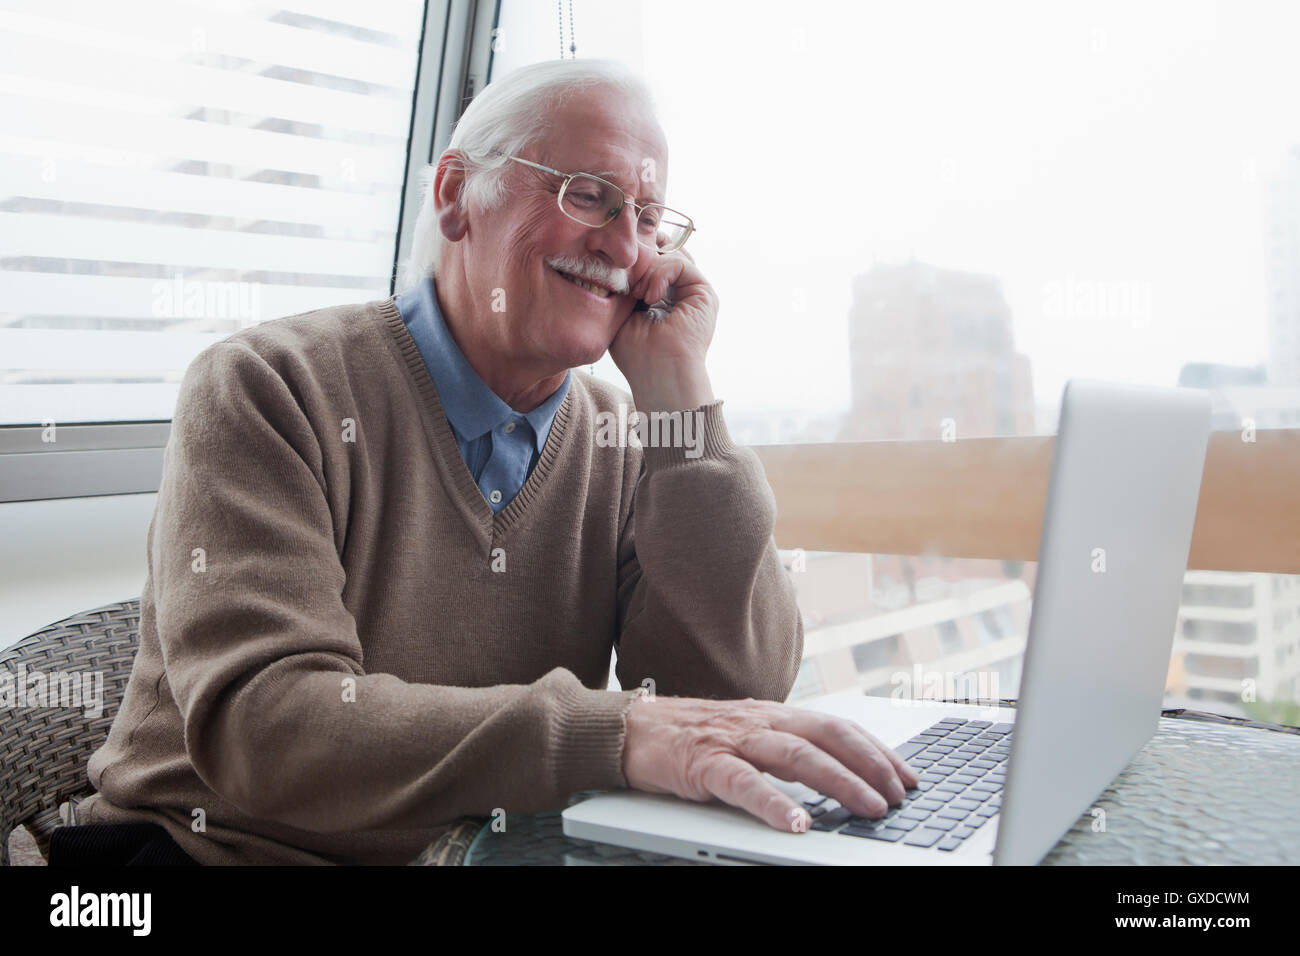 Senior man using mobile phone and laptop at home Banque D'Images
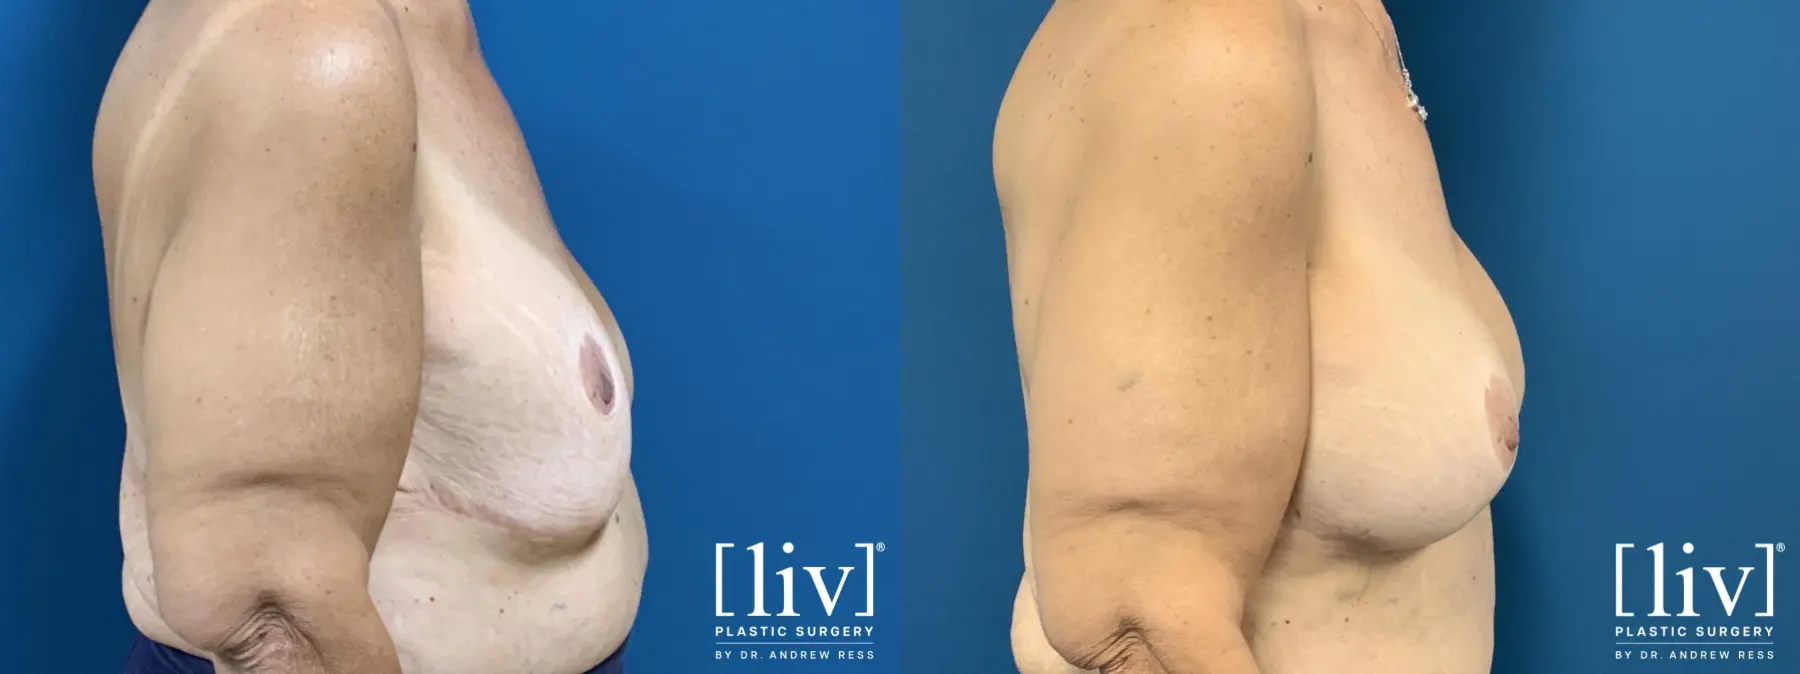 Breast Implant Exchange and Repositioning - Before and After 5
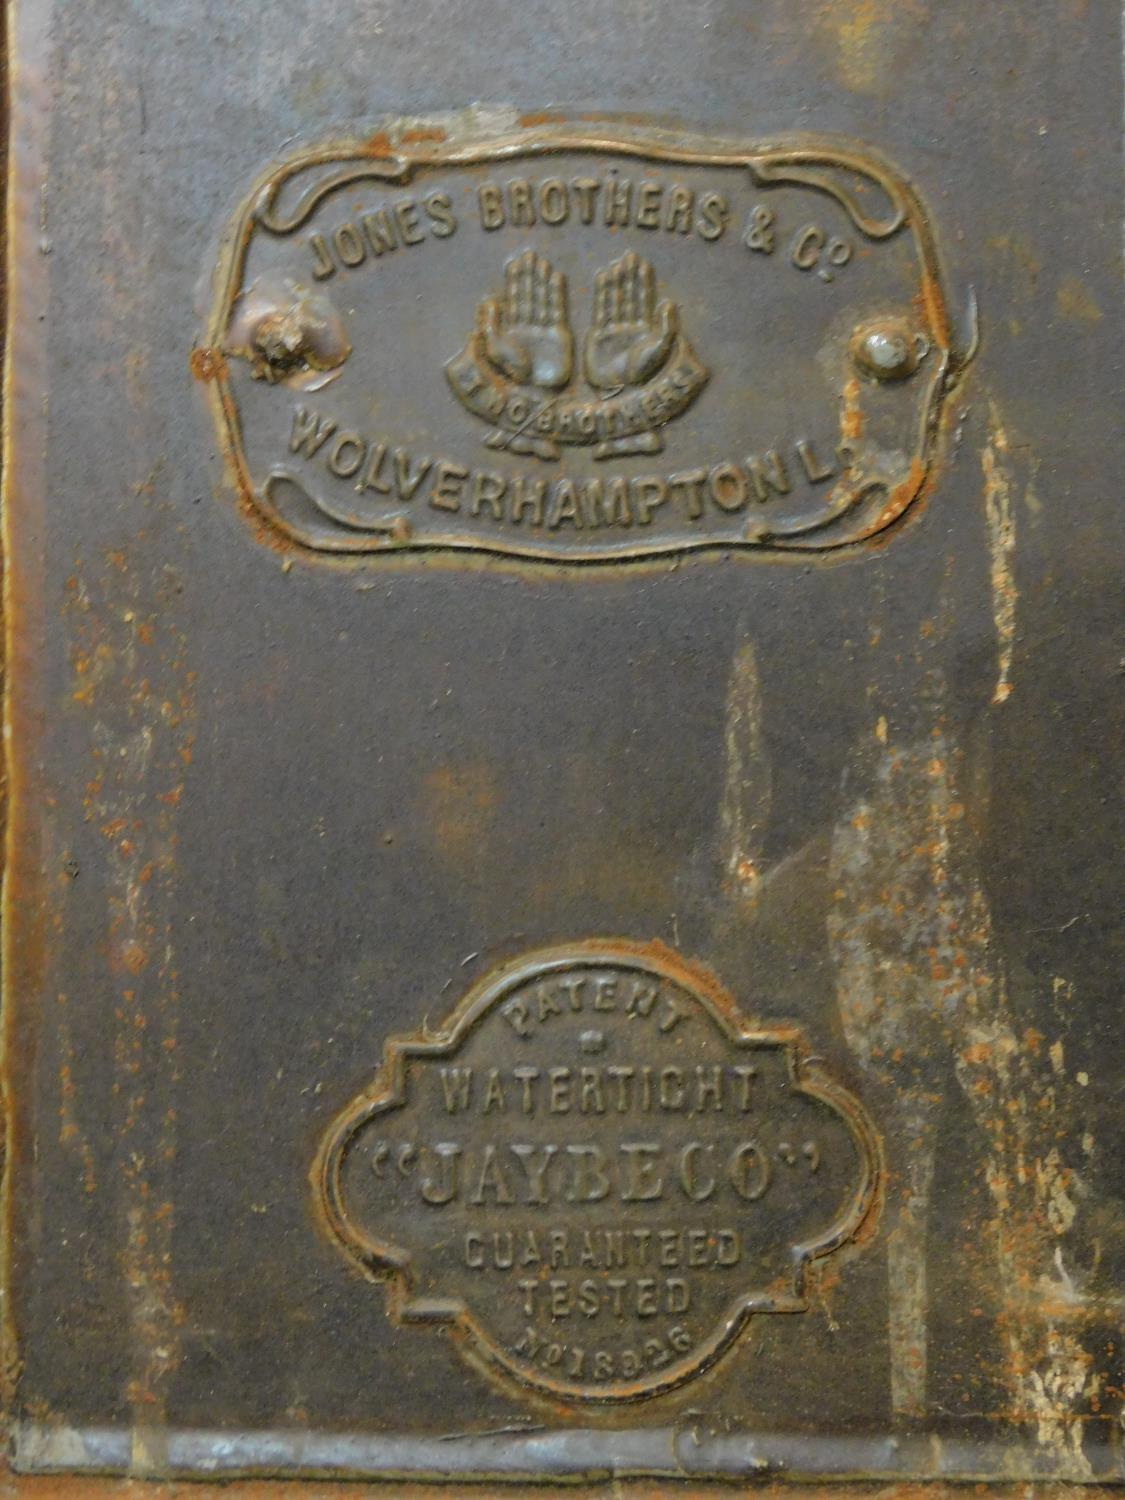 A 'Watertight Jaybeco' metal ammo box by Jones Brothers & Co., Wolverhampton, H.24 W.70 D.38cm - Image 6 of 6
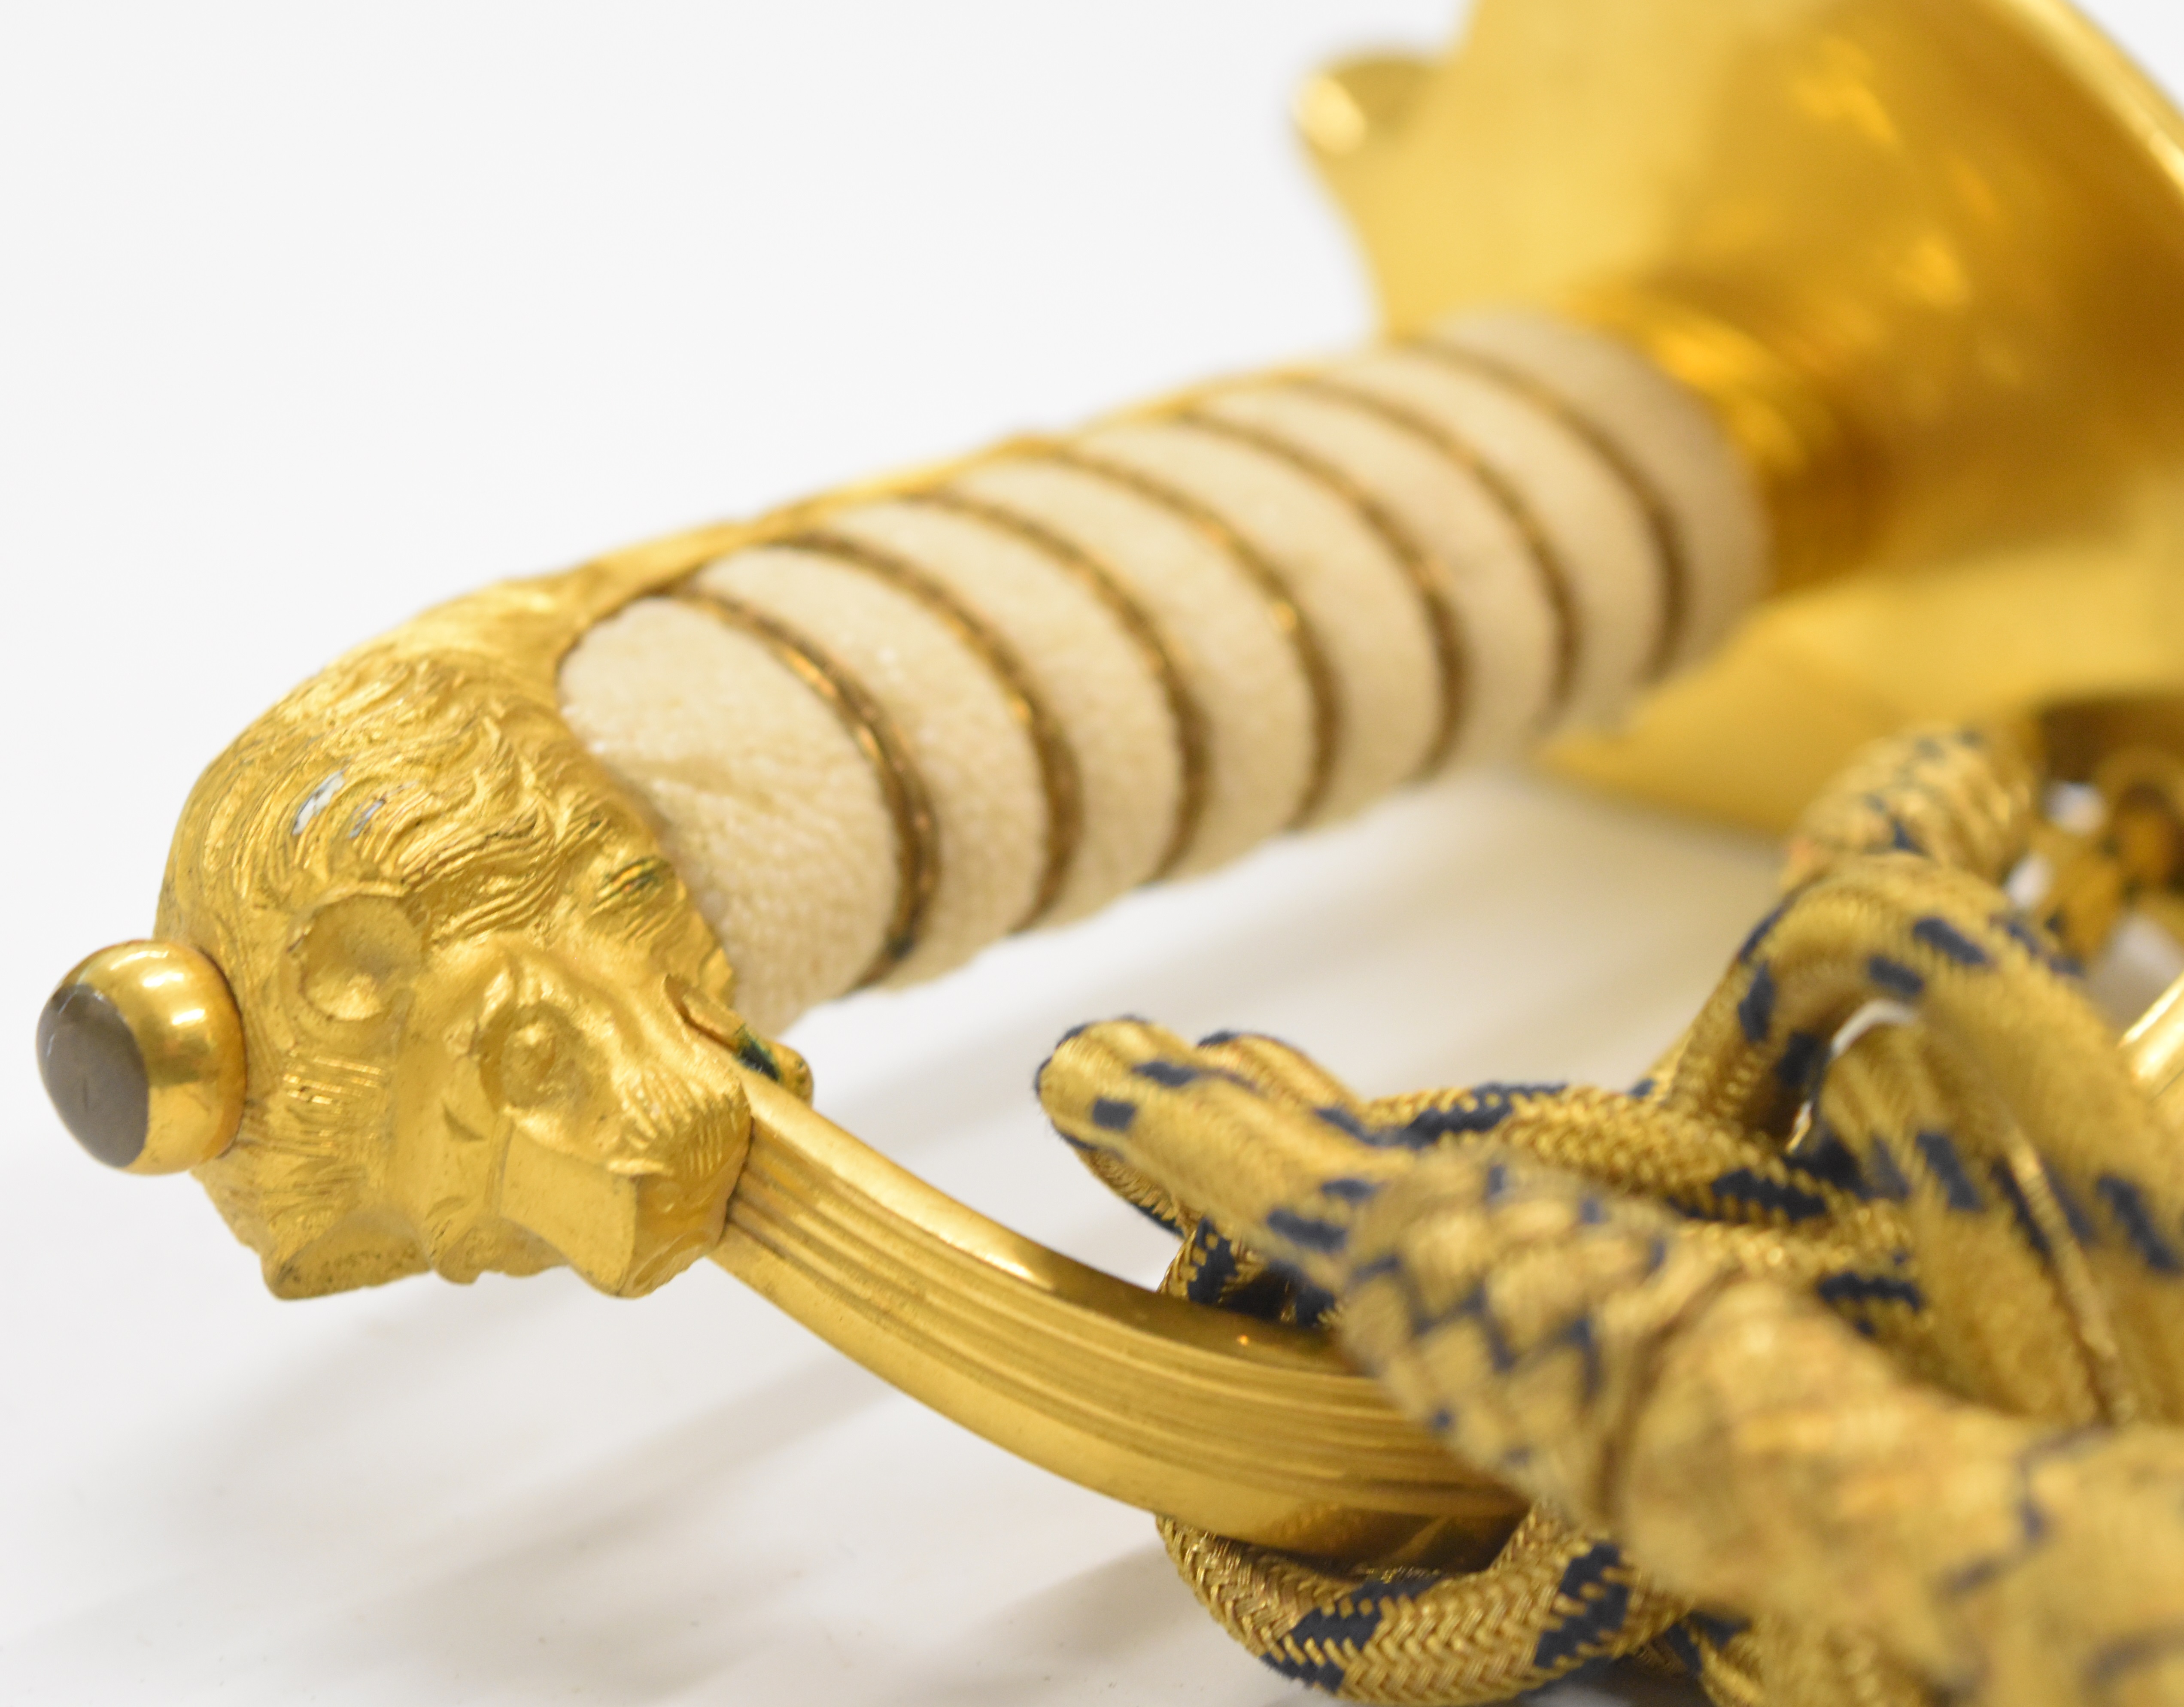 Royal Navy 1827 pattern officer's dress sword with lion head pommel, folding guard, fouled anchor - Image 6 of 10
====================
What is needed -
Without the pictures, retype exactly the lines from the one that holds "A 'Watertight Jaybeco'" to the last line of the data above, both of them included.

Worked solution -
 A 'Watertight Jaybeco' metal ammo box by Jones Brothers & Co., Wolverhampton, H.24 W.70 D.38cm - Image 6 of 6
 Royal Navy 1827 pattern officer's dress sword with lion head pommel, folding guard, fouled anchor - Image 6 of 10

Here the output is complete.